About this task:
The required output is the exact run of lines from the one bearing "Maria Santangelo Classic" through the final line of the listing below, with the pictures removed.

Exercise data:

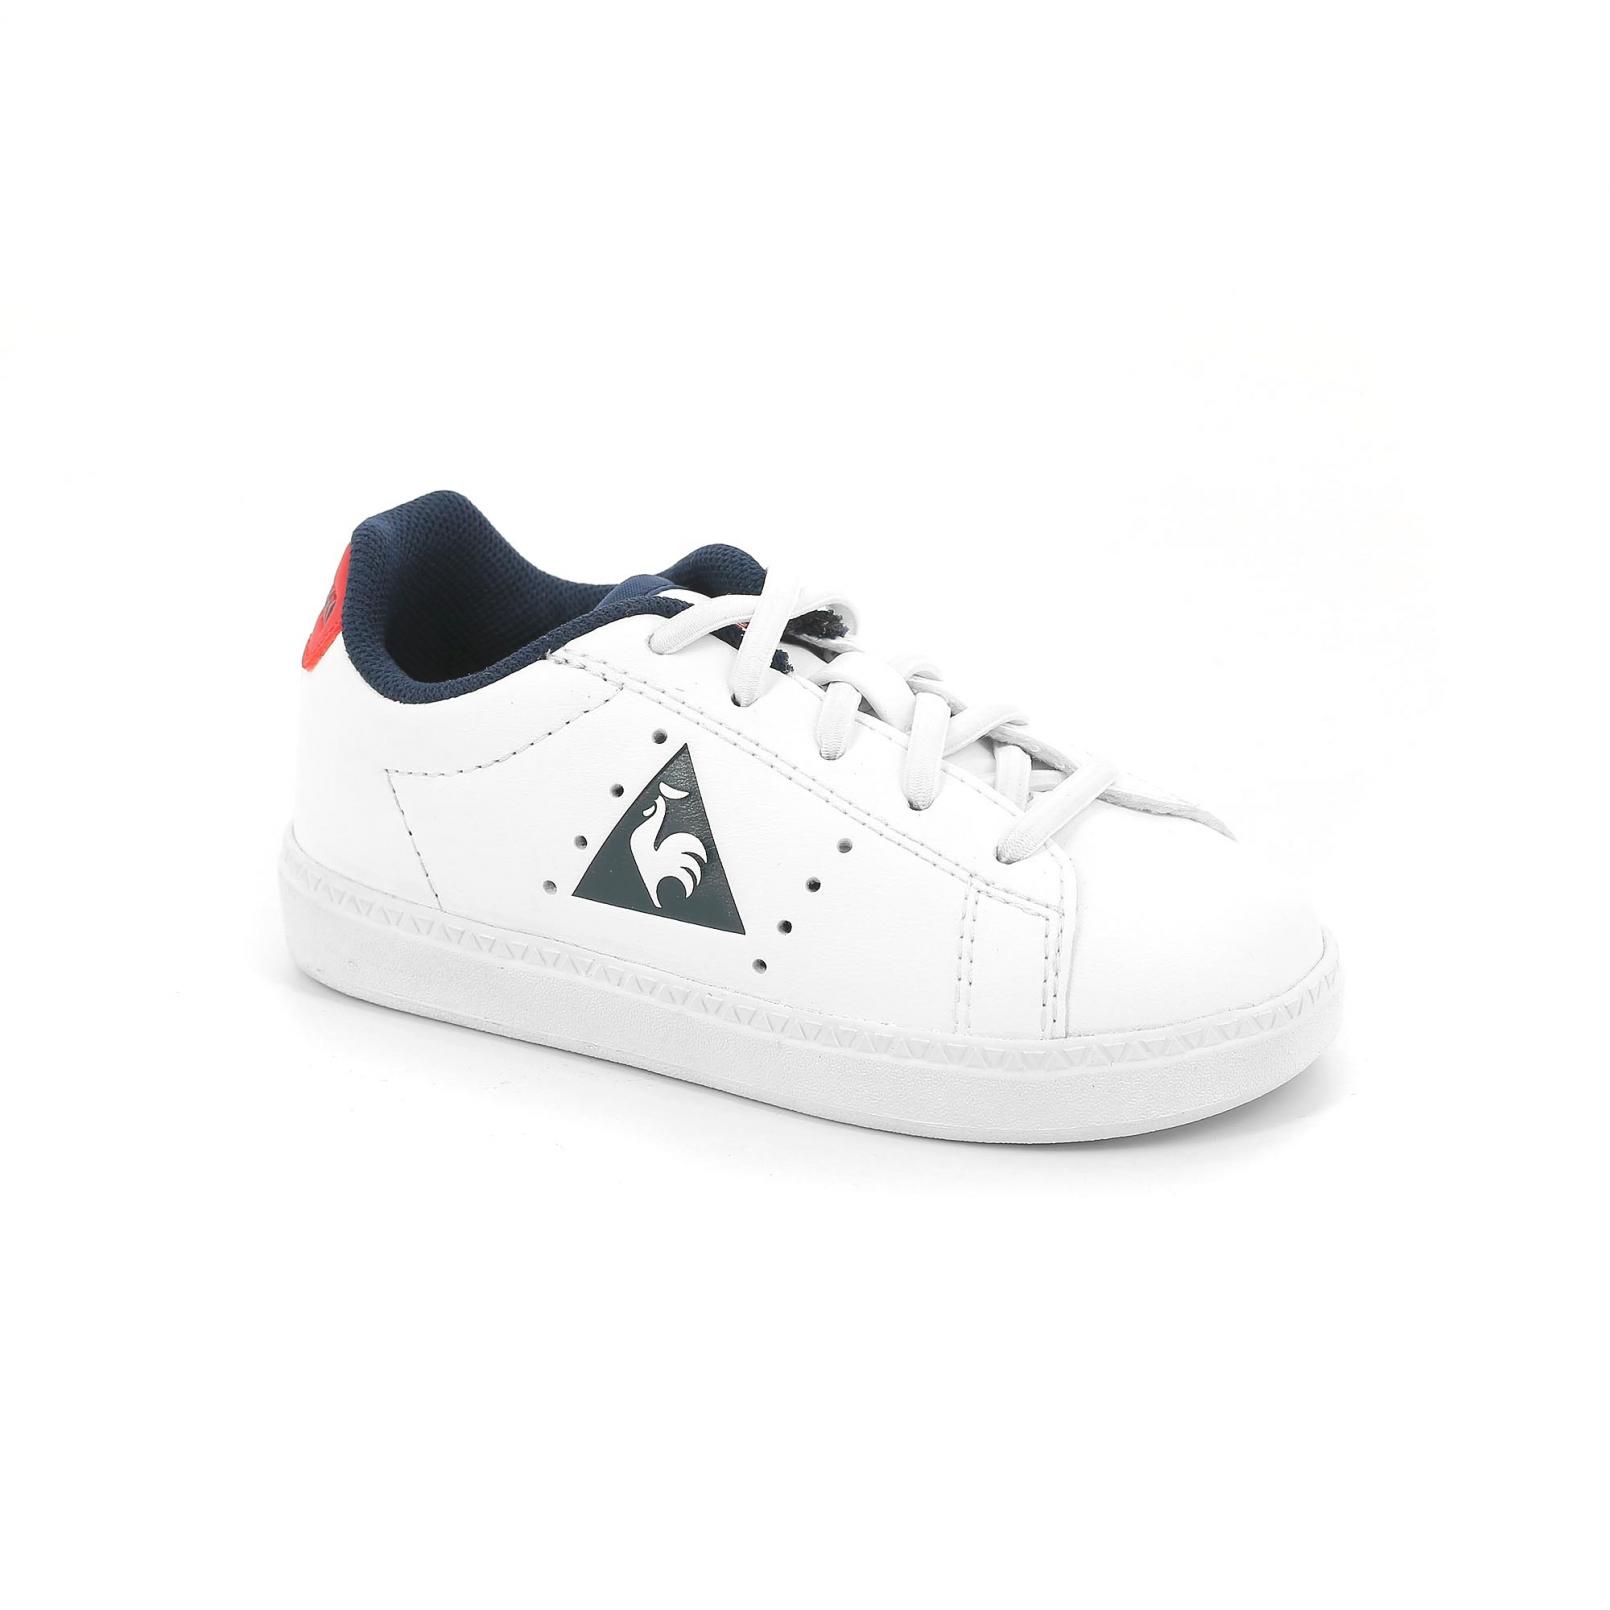 Shoes – Le Coq Sportif Courtone Inf S Lea White/Red
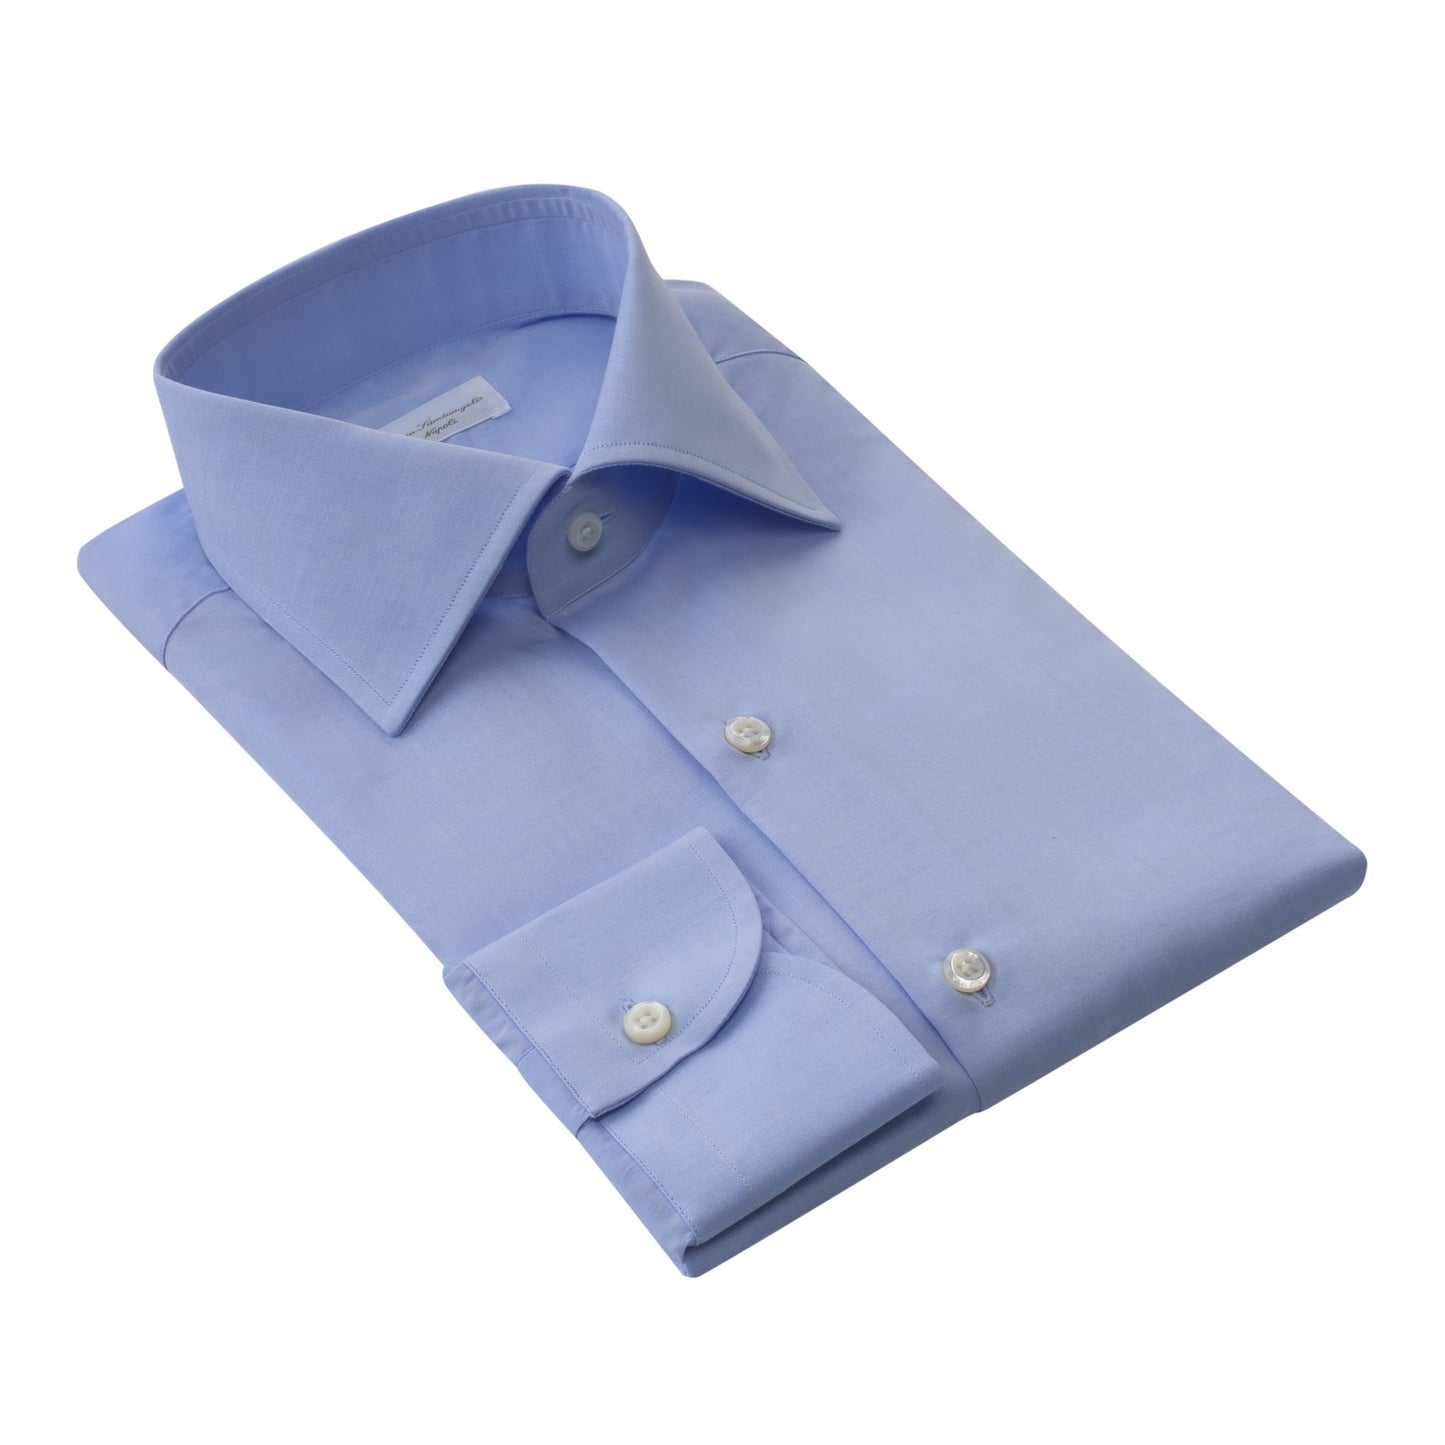 Maria Santangelo Classic Cotton Shirt in Light Blue - SARTALE
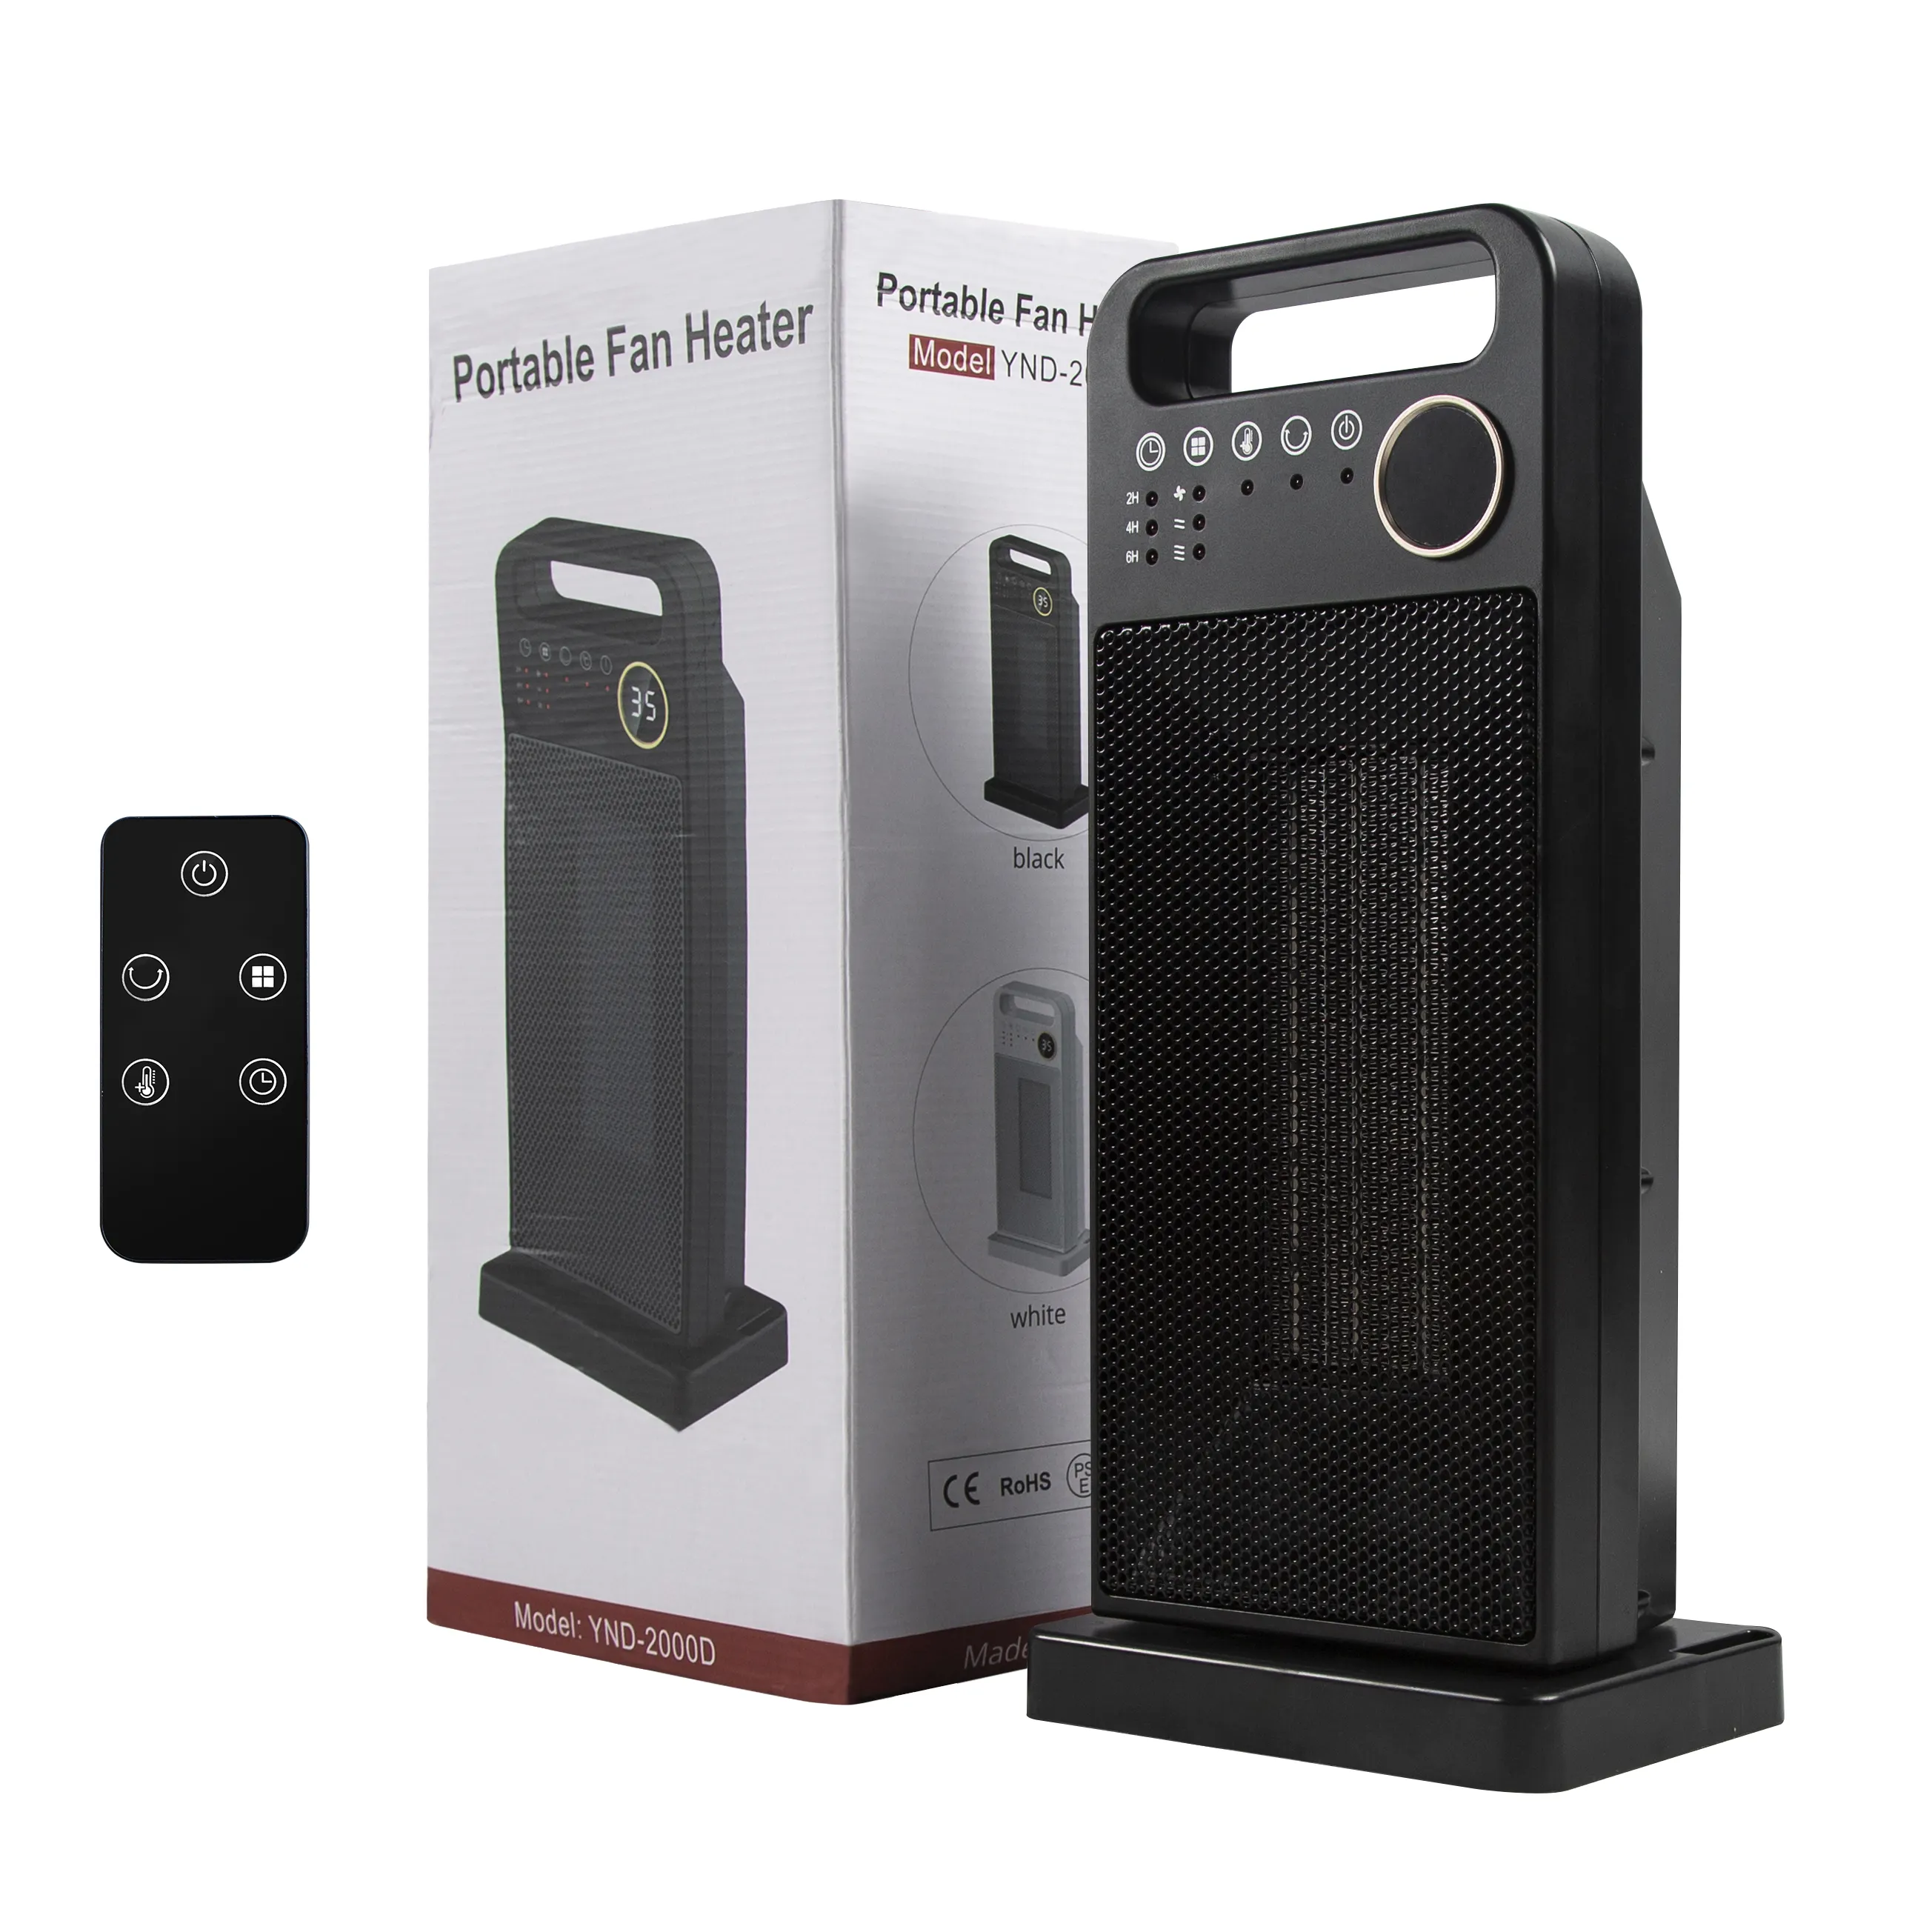 Mini riscaldatore elettrico portatile ad aria domestica Mini riscaldatore portatile ventilatore riscaldatore usb remoto

Exercise response:
 Maria Santangelo Classic Cotton Shirt in Light Blue - SARTALE
 Mini riscaldatore elettrico portatile ad aria domestica Mini riscaldatore portatile ventilatore riscaldatore usb remoto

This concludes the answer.